Wireshark provides a powerful filter language which not only allows you to narrow down the packets you want to capture but also to sort, follow or even compare their content. This section will only scratch the surface of what is possible with Wireshark so for the time being please consult the Wireshark Wiki for further information about creating filters.
It is a common mistake to believe that capture filters and display filters work the same way in Wireshark. While capture filters change the outcome of the capturing process, display filters can be applied to already running capturing processes to narrow down what to display. Furthermore they use different filter language syntax.

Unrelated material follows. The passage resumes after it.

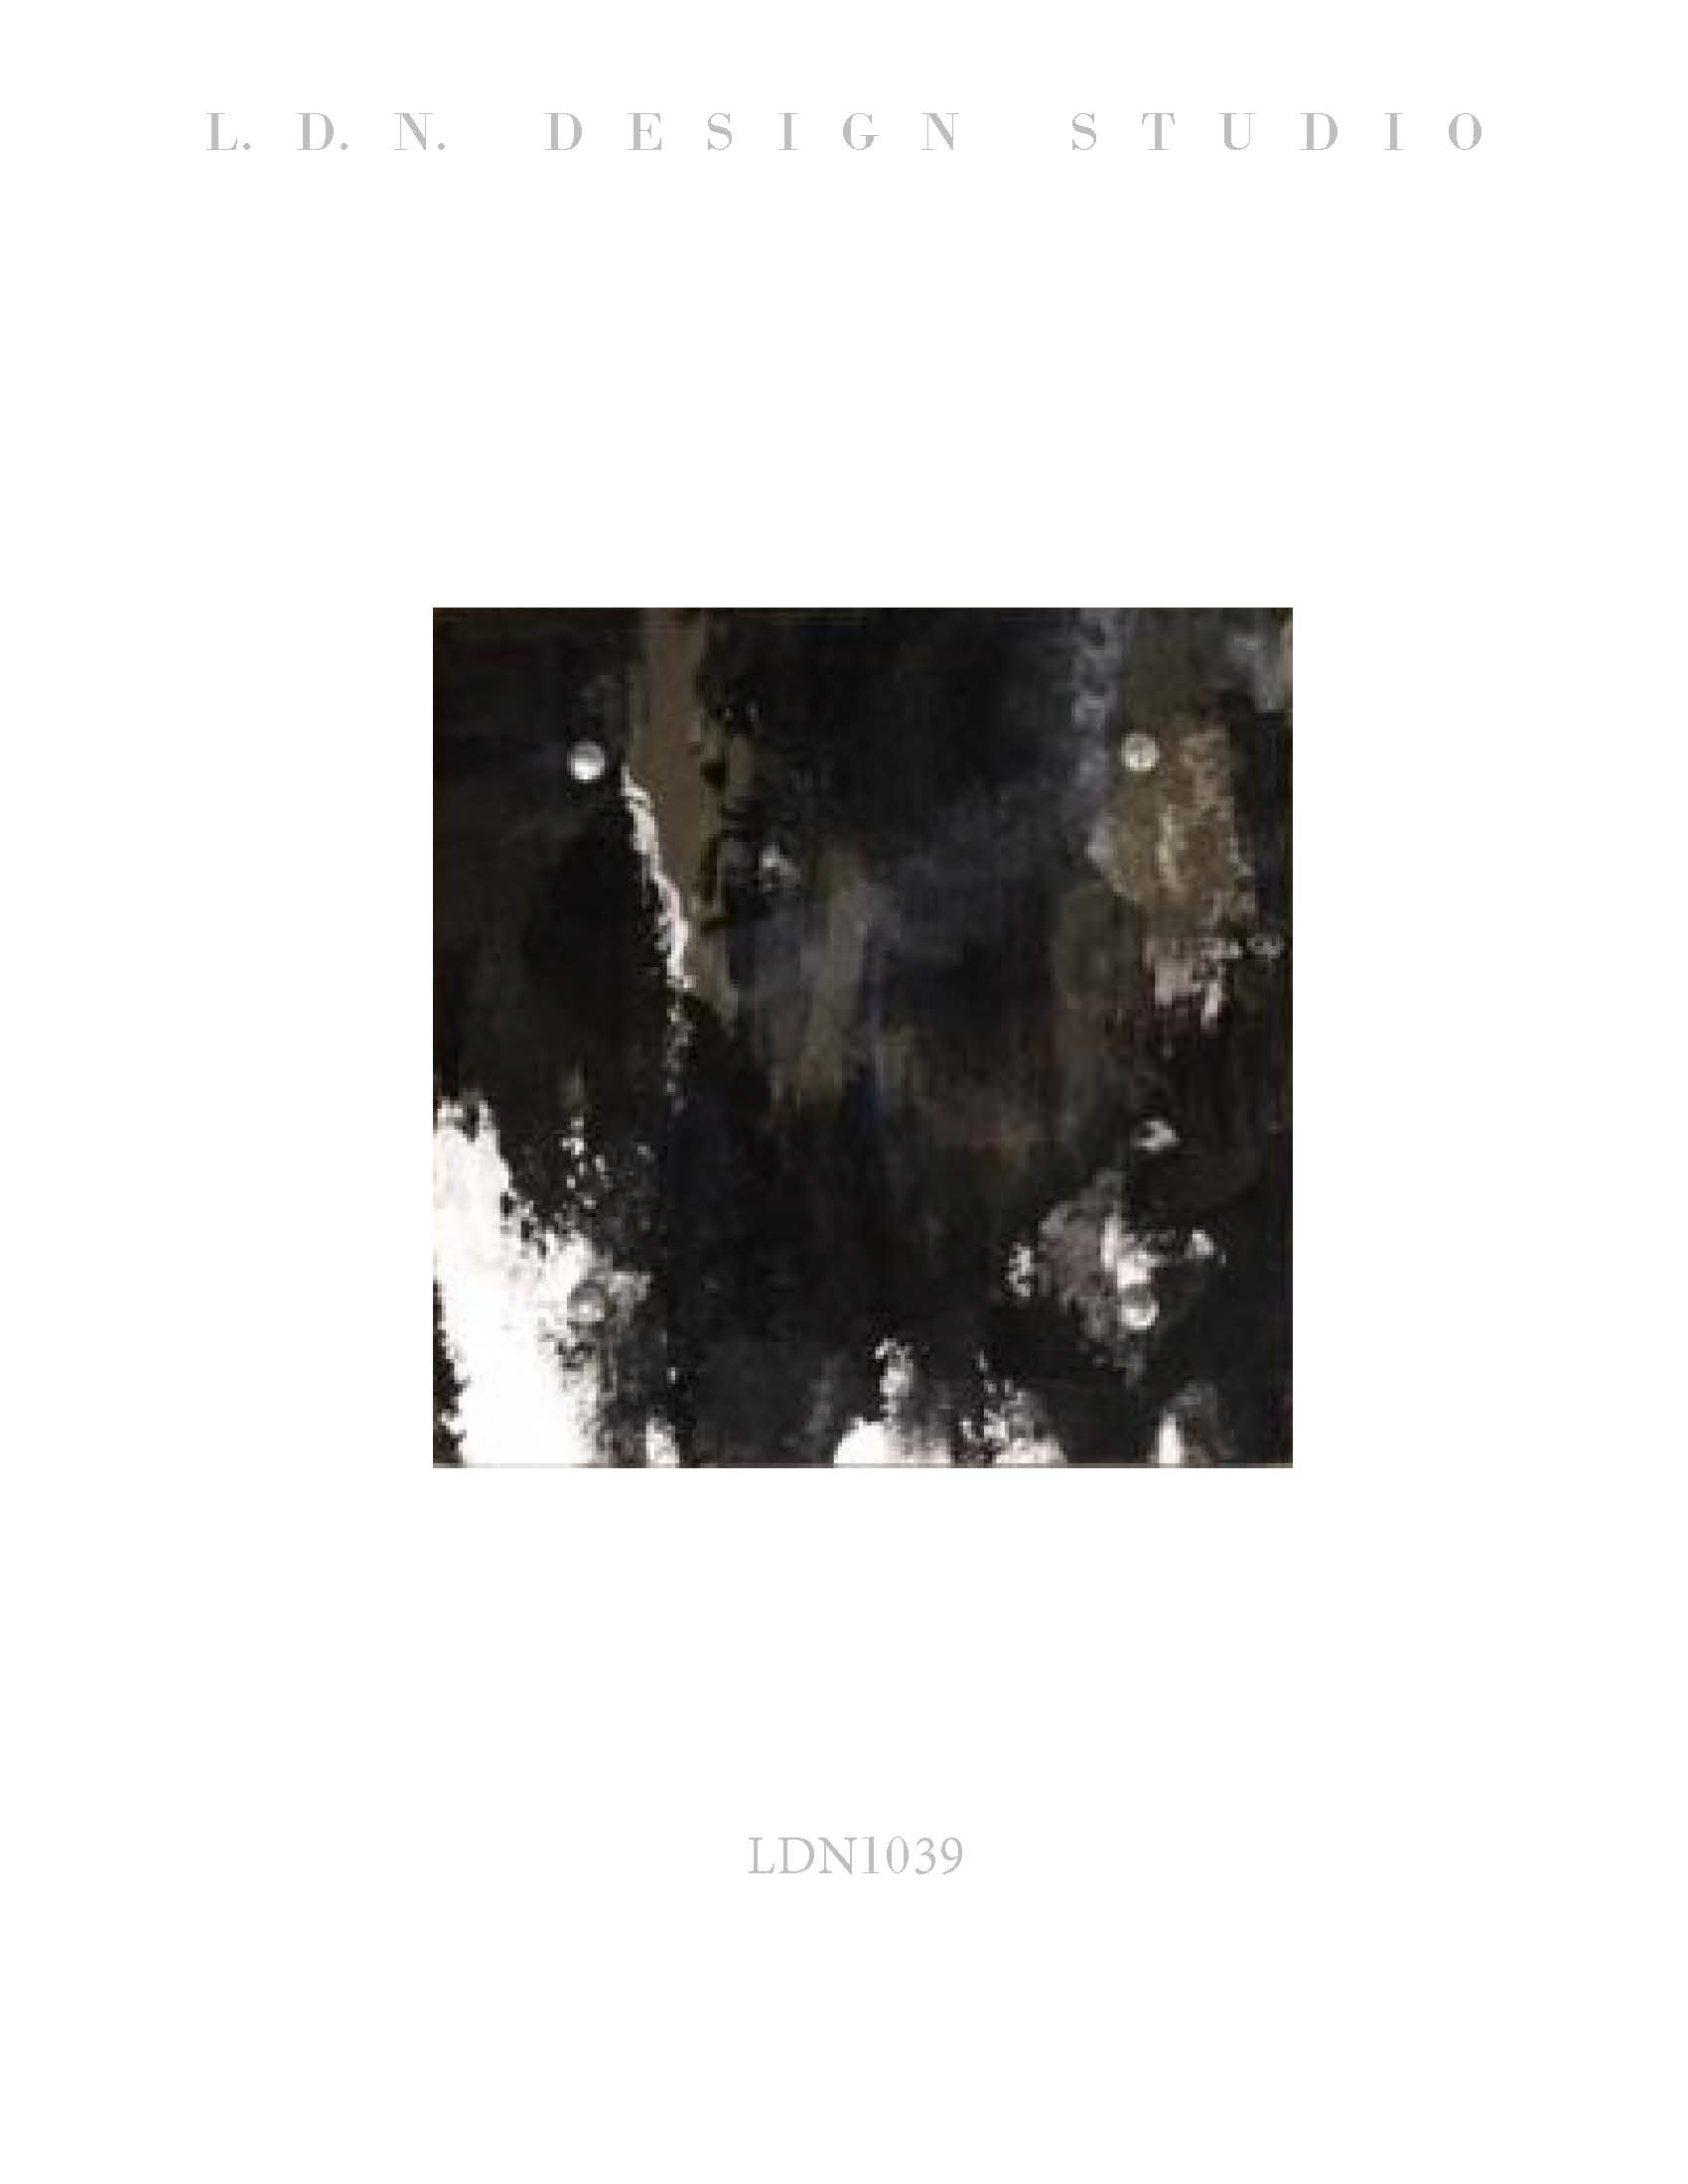 LDN1039

To narrow down our captured data to only include packets from a certain ip range:
src net 192.168.2.0/24
Code-Sprache: YAML (yaml)
The same can be done to filter the already captured data in the main window:
ip.addr == 192.168.2.0/24
Code-Sprache: YAML (yaml)
To find exactly what you are looking for on your network you can concatenate different filters. If you want to capture packets from a certain host and port you can simply add both filters together:
host 192.168.2.100 and port 20
Code-Sprache: YAML (yaml)
You can specify data that you want to explicitly exclude:
host www.google.com and not (port 20 or port 80)
Code-Sprache: YAML (yaml)
This would only capture data from a certain host which is not transferred on port 20 or 80.
A standard example to see actual network traffic is to ping a host and collect the data.

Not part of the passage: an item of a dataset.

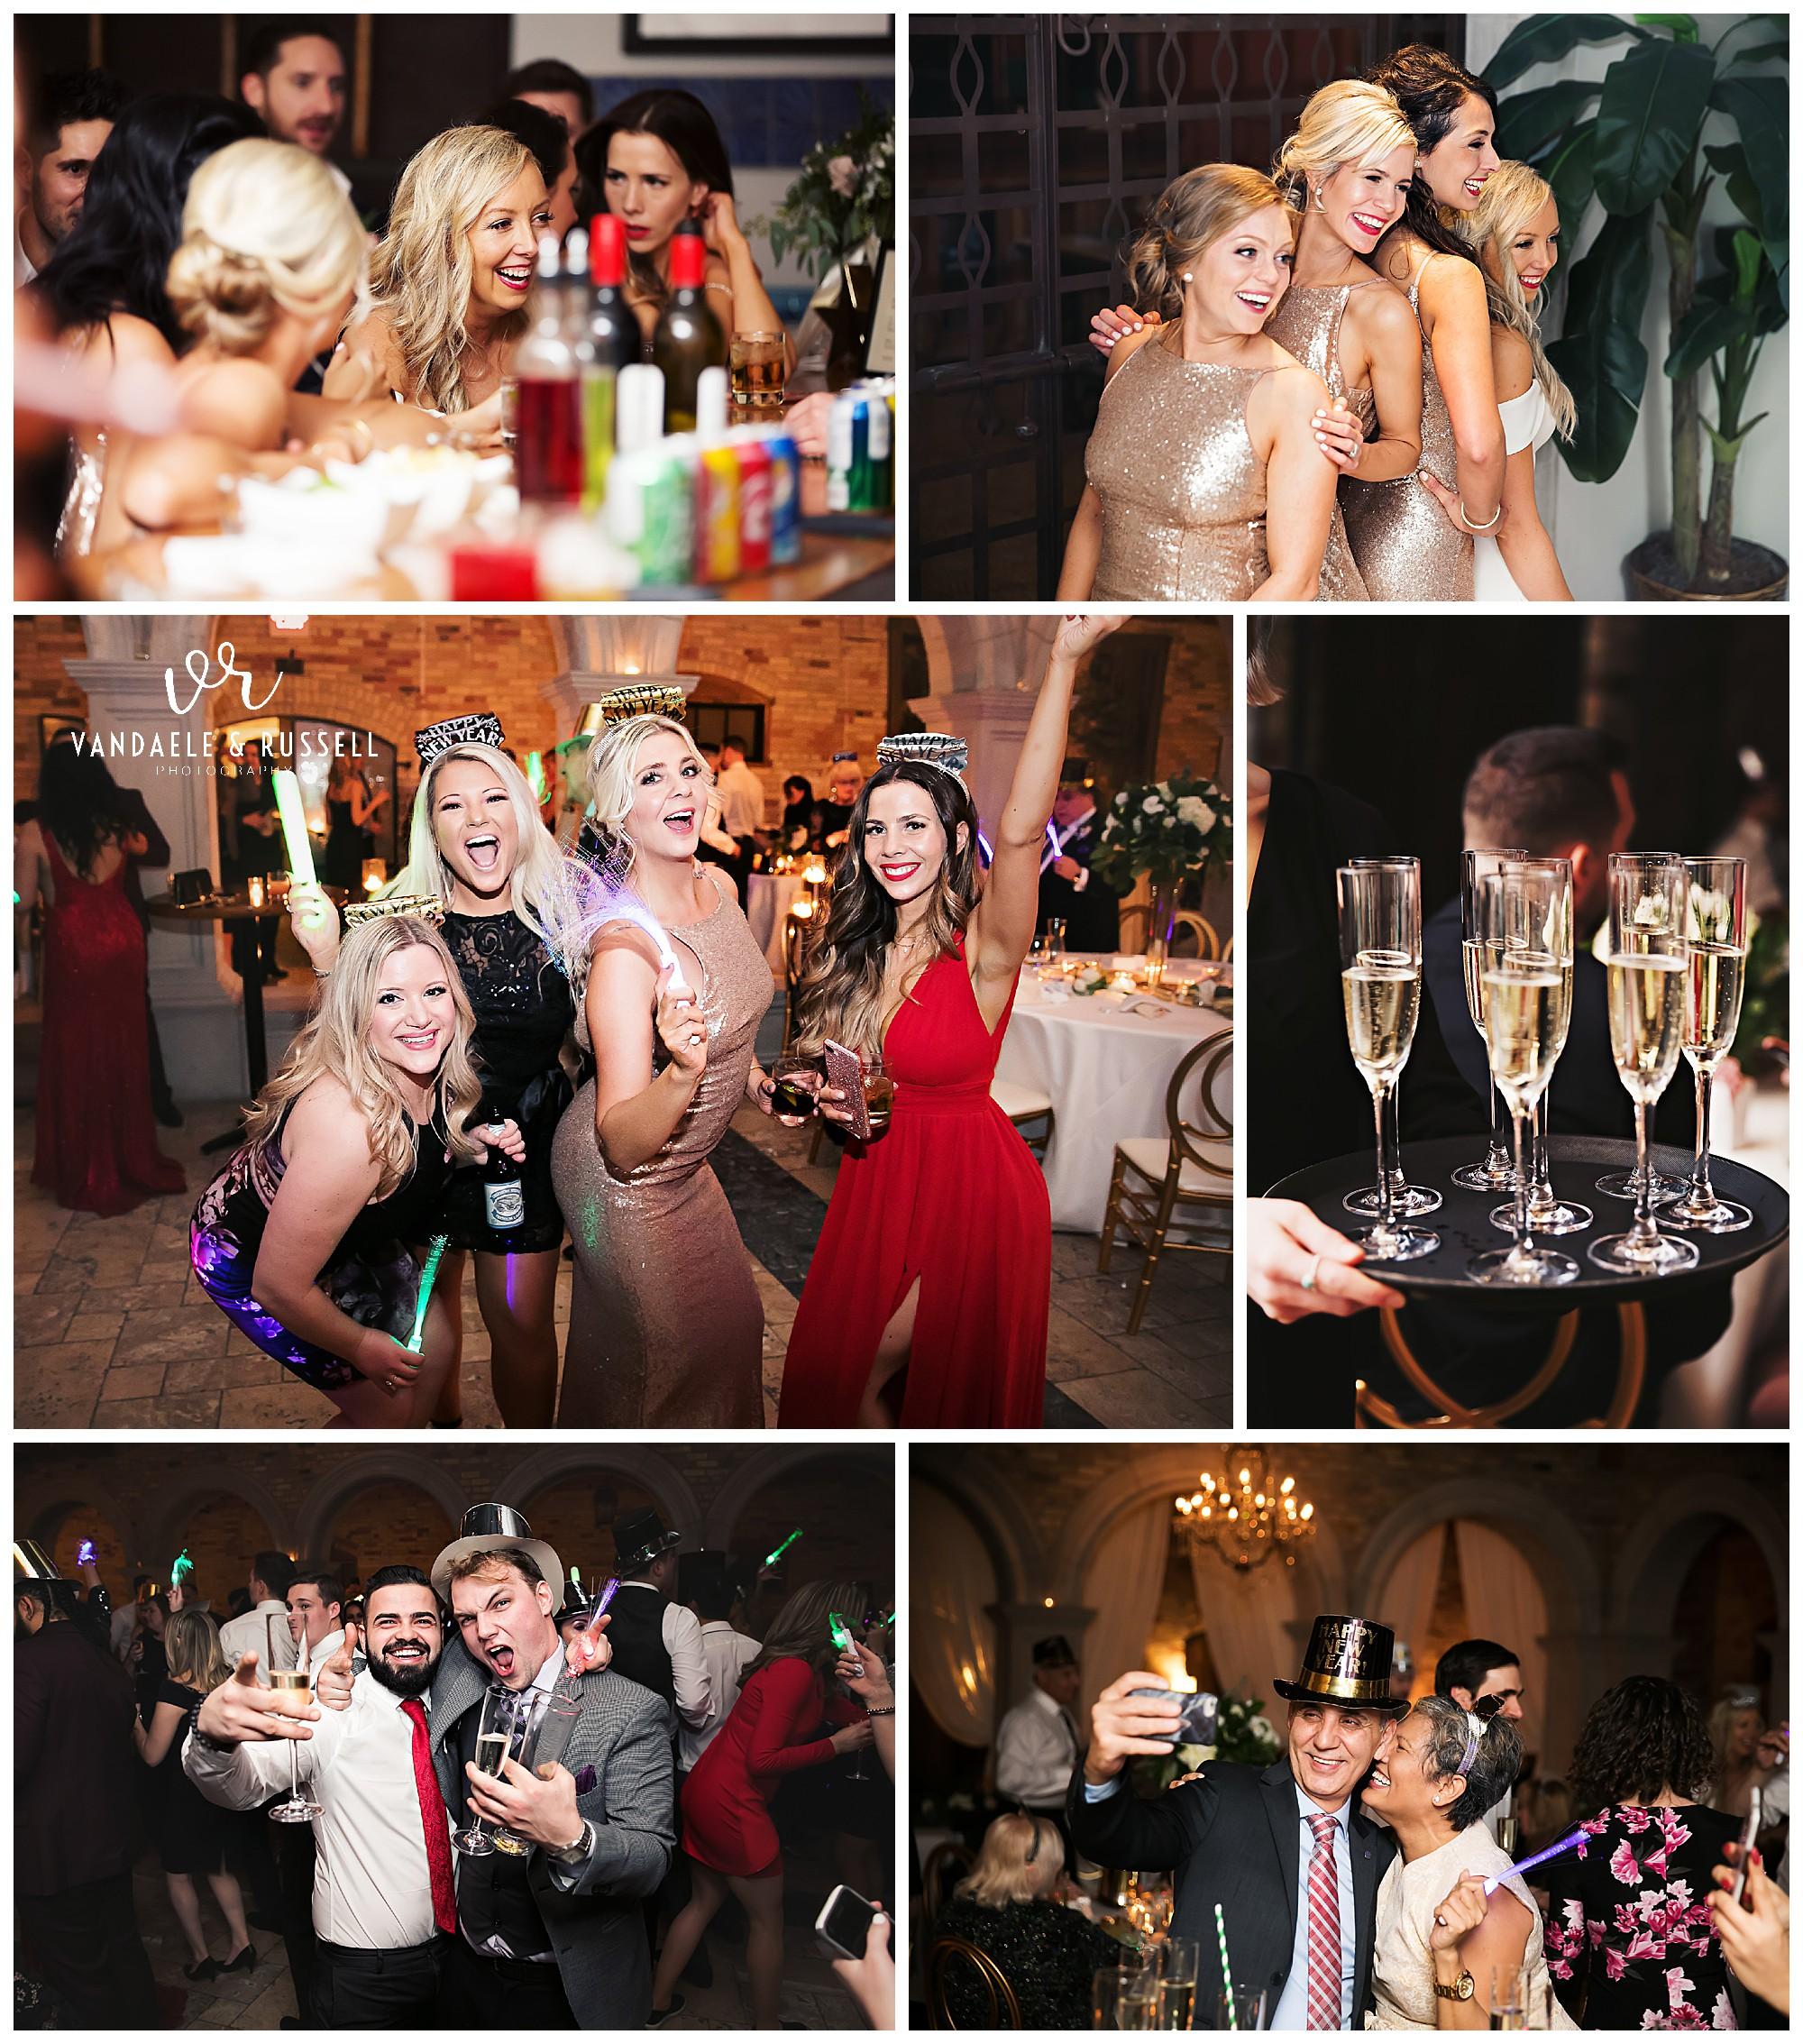 Hacienda-Sarria-Wedding-Photos-NYE-Michelle-Matt-VanDaele-Russell_0049.jpg

Just run a capture and set the capture filter to the host you are going to ping (www.google.com would be a popular choice).
host www.google.com
Go ahead and start the capturing process. Without any connections to your host open the main window should stay empty for now.
Next open a terminal window and ping the host you specified in the capture filter. Within a few moments you should see the first packets.
Once you have captured some packets press the stop button.
After collecting data the user interface contains three main parts. Those being the packet list pane, the packet details pane and packet bytes pane.
On top is the packet list pane. This view displays a summary of all the captured packets. You can choose any of the packets by just selecting and the other two views will adapt to the selection. Go ahead and select any of the packets and notice how the other two views change.
The one in the middle is the packet details pane. It shows more details about the packets you select in the packet list pane.
On the bottom the packet bytes pane displays the actual data transferred in the packets.
Using these sections you can view the traffic and break it down for analysis.
Wireshark is a powerful network packet analyzer. It offers everything you need to capture, filter and view your local network traffic. After reading through this article you should have all the basic knowledge necessary to create and filter simple captures.